Dr. Stevens said the Goldstein gift enabled UNMC researchers to conduct experiments showing that pancreas tissue from juvenile pigs (the animal most suitable for supplying grafts for humans) can be matured into islets – – clusters of specialized insulin-producing cells – – and transplanted successfully into diabetic experimental animals.

In these experiments, Dr. Stevens collaborated with William Beschorner, M.D., of Ximerex, Inc., (pronounced “ki-mare-ics”) to subject some of the animals to pre-transplantation treatments developed by Dr. Beschorner during years of studying graft rejection. These treatments modify the donor pig by injecting bone marrow from the recipient animal before transplantation and reduce or eliminate the need for anti-rejection therapy after transplantation. Four animals transplanted showed graft function within a month of transplantation, and two animals needed no anti-rejection therapy.
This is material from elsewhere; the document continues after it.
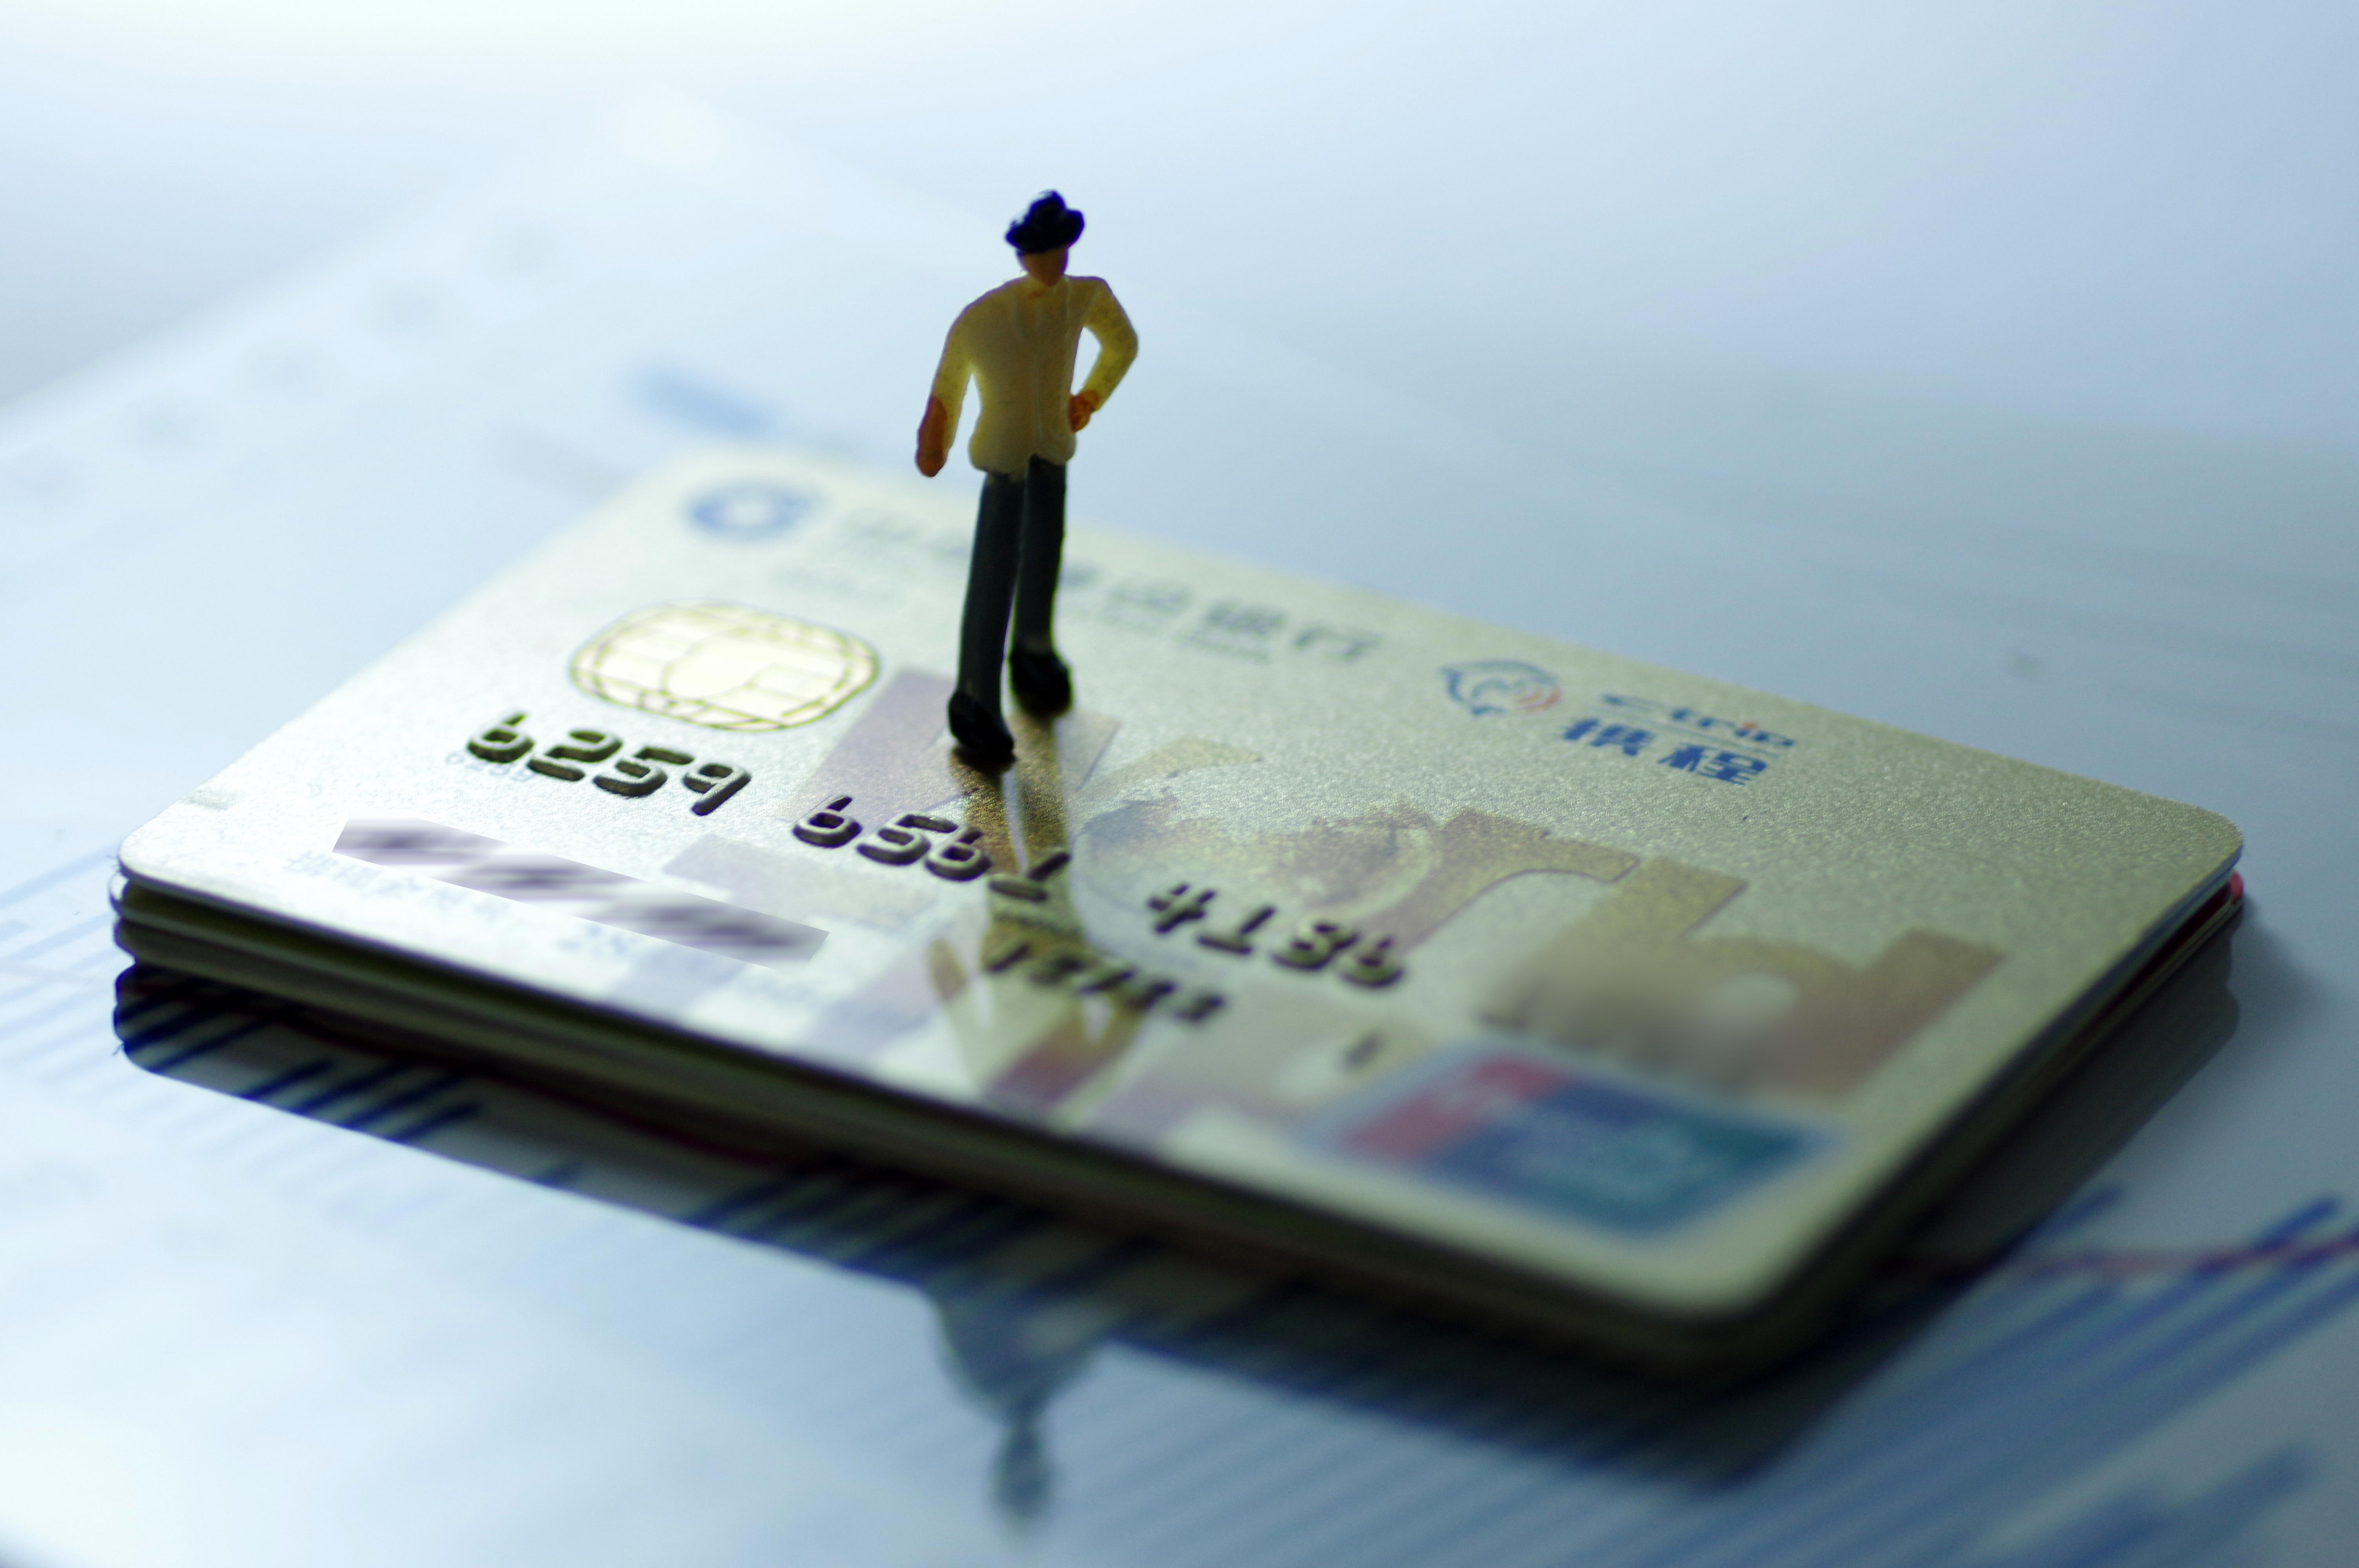 花旗银行信用卡类别、级别、额度及年费介绍。

“This fund has been extraordinarily important for our program,” Dr. Stevens said. “It provided us with support for performing these initial experiments, and now it appears we are one step closer to doing xenotransplantation (putting animal organs or tissues into humans). The animals we studied no longer require insulin therapy, and we achieved this without pancreas transplantation or treating them with anti-rejection drugs. If confirmatory studies prove our initial observations correct, it will represent an extraordinary breakthrough.”